• **TASK**: Please return the full listing word for word, leaving out any pictures.

• **PROVIDED MATERIAL**:
%%

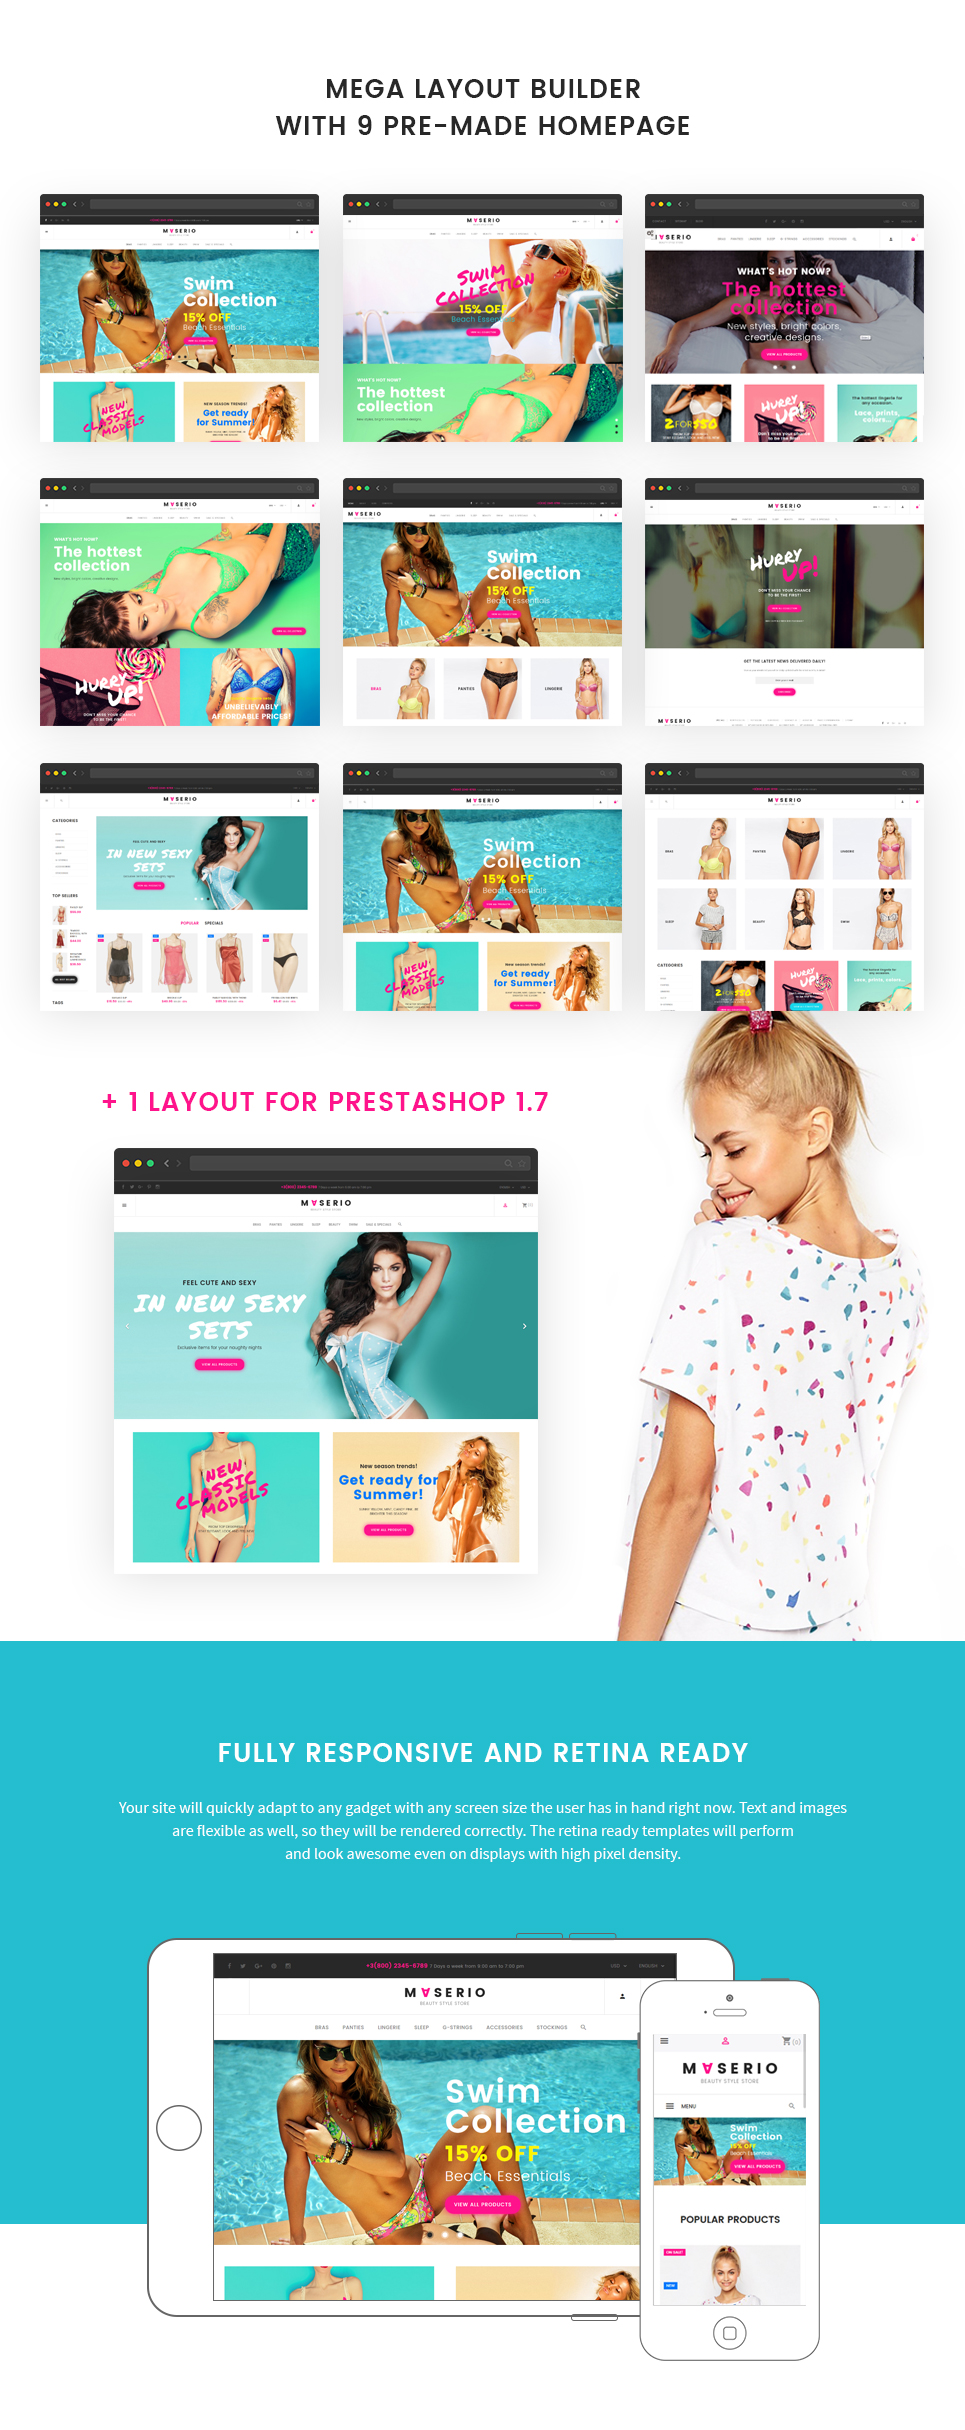 Maserio - Lingerie PrestaShop 1.7 and 1.6 Theme - 2
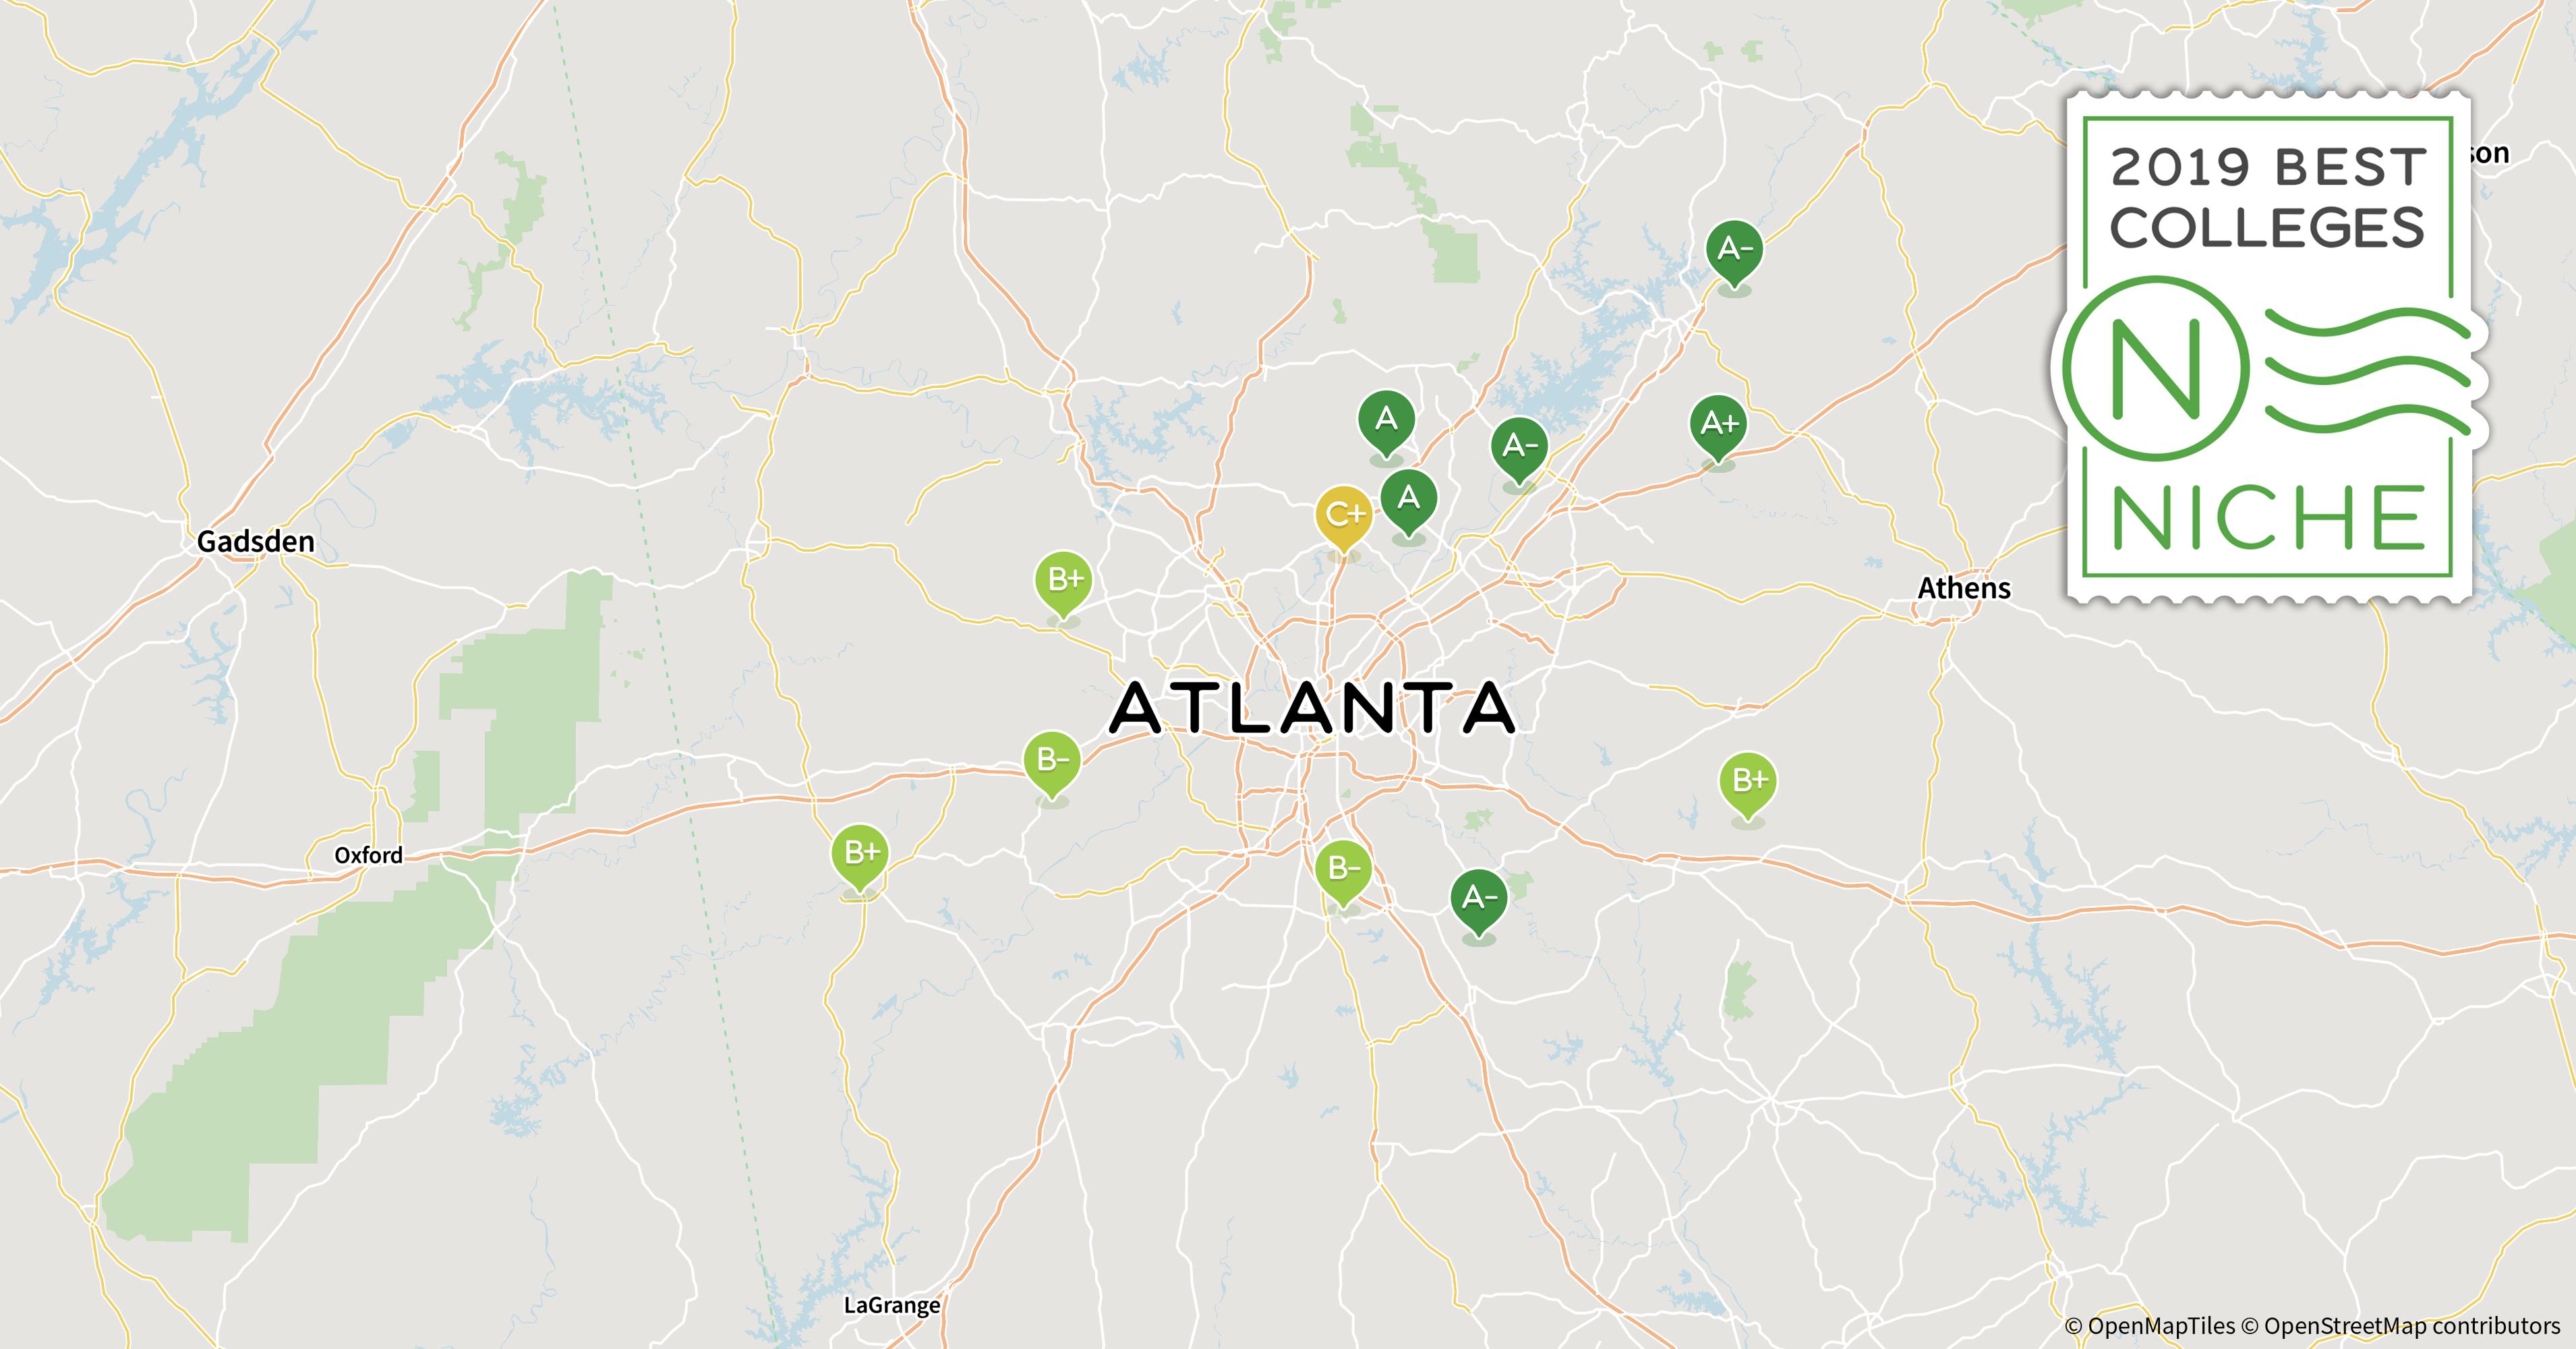 Map Of Georgia Universities.2019 Top Graduate Programs In The Atlanta Area Niche
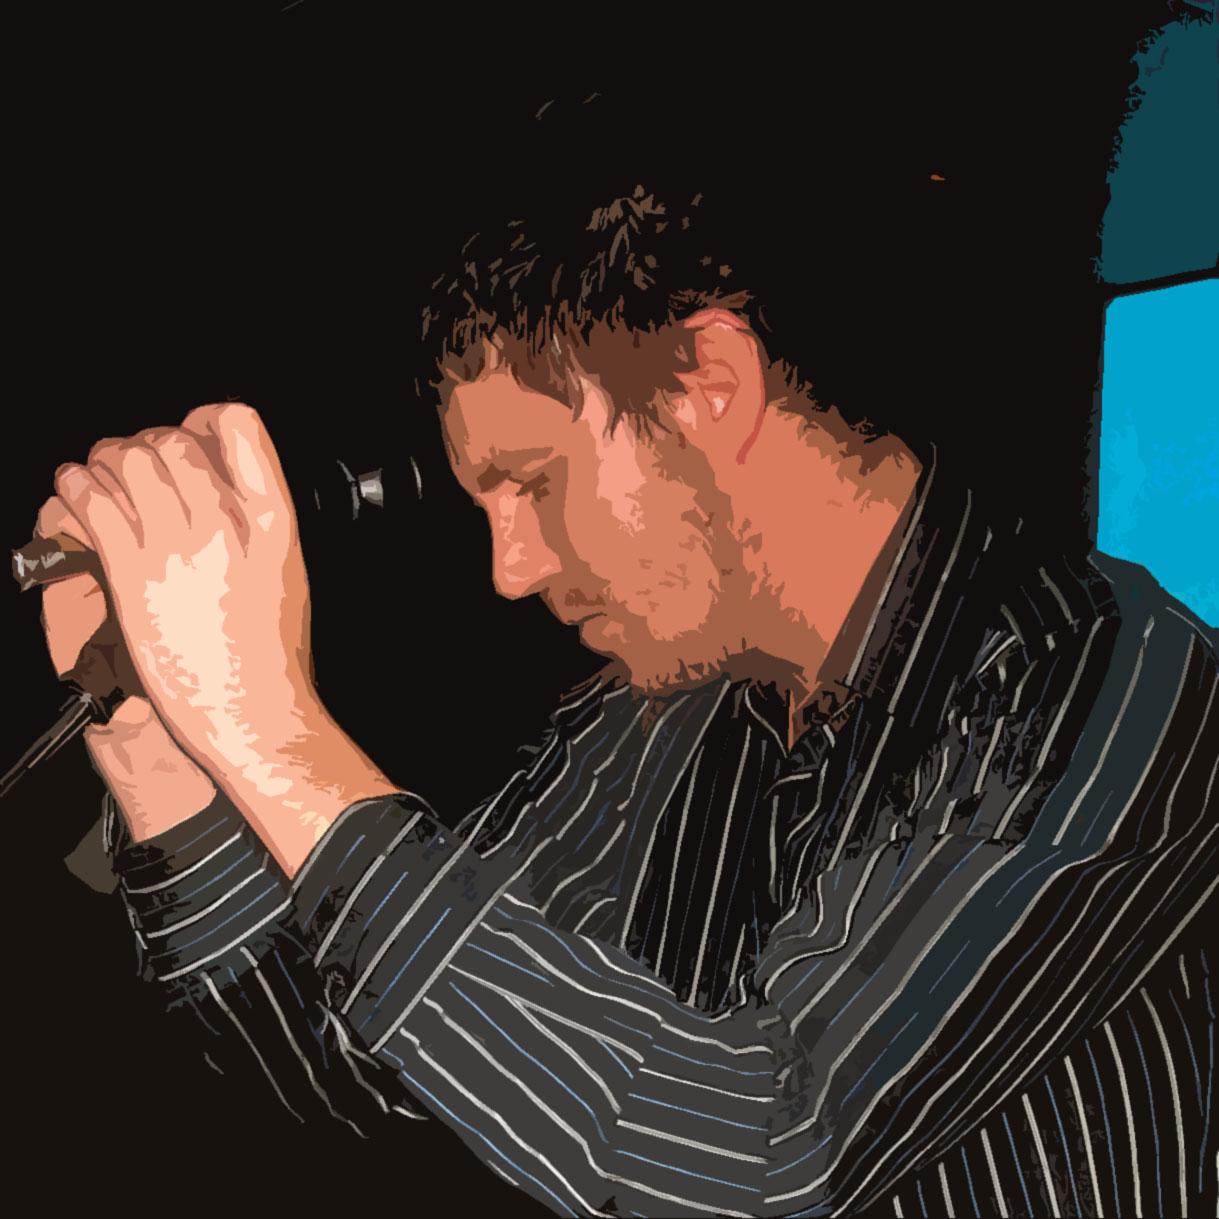 Robbie on stage - 2011
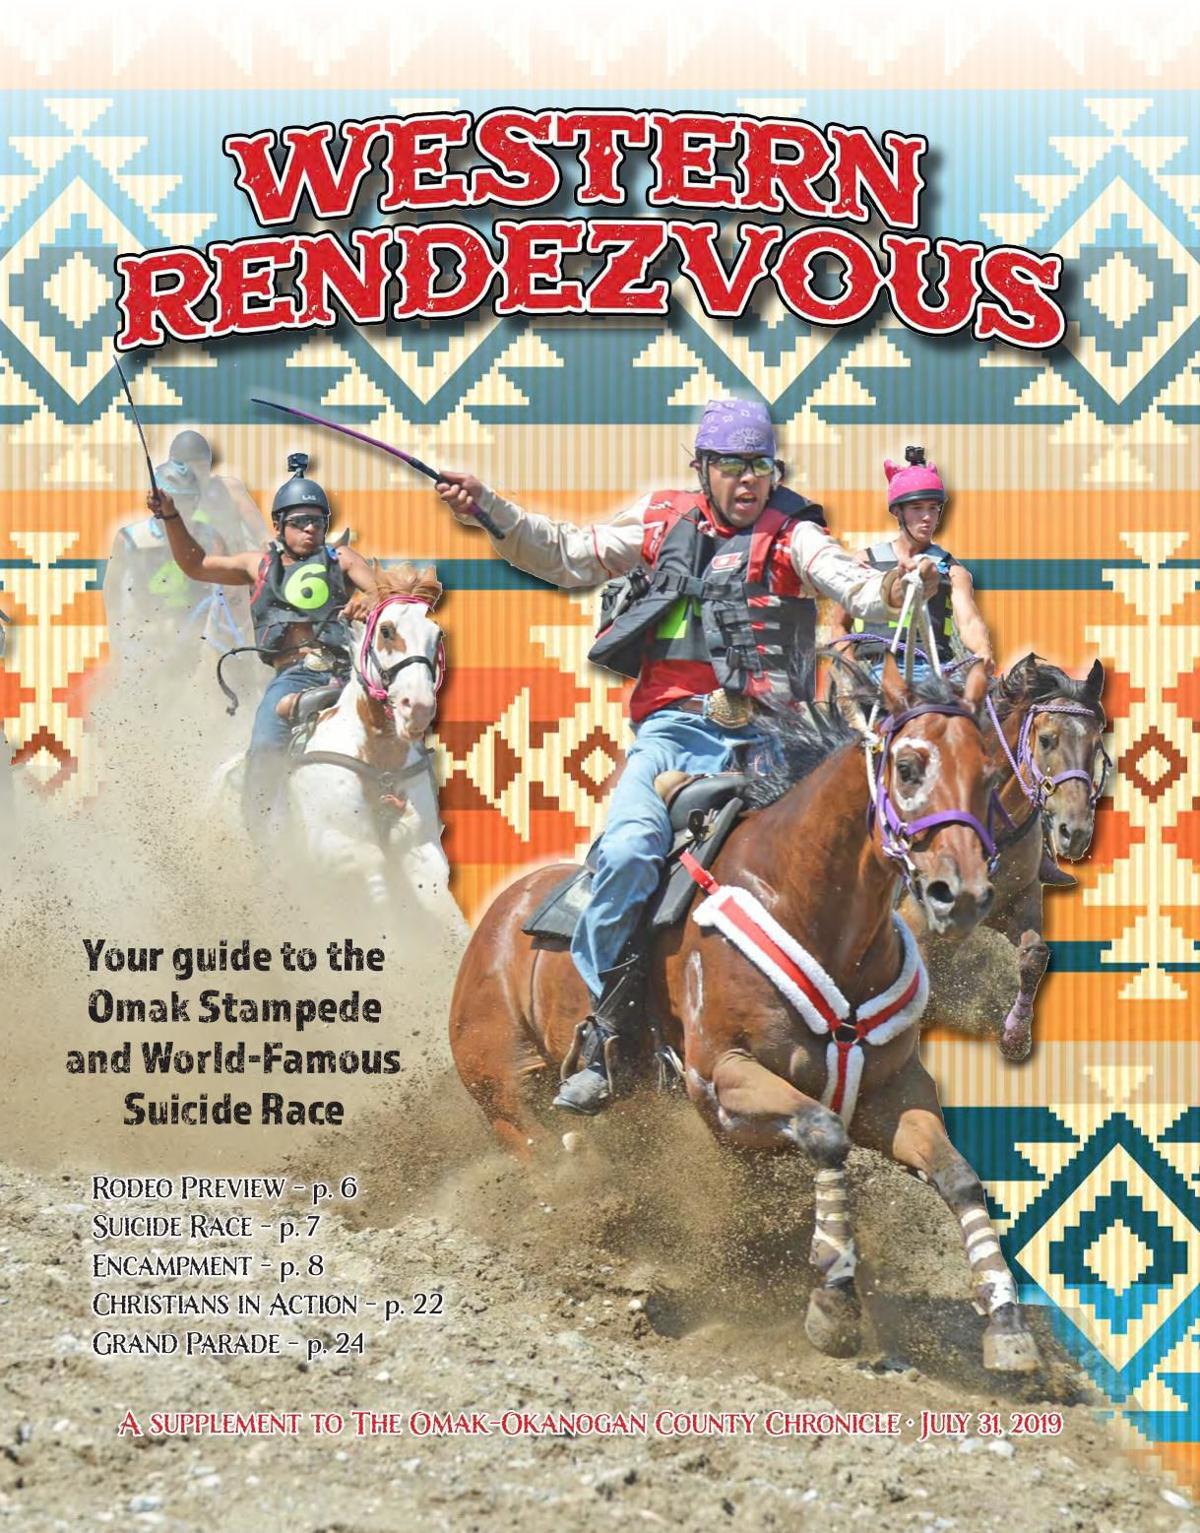 Western Rendezvous 2019

%%

• **YOUR SOLUTION**:
 Maserio - Lingerie PrestaShop 1.7 and 1.6 Theme - 2
 Map Of Georgia Universities.2019 Top Graduate Programs In The Atlanta Area Niche
 Robbie on stage - 2011
 Western Rendezvous 2019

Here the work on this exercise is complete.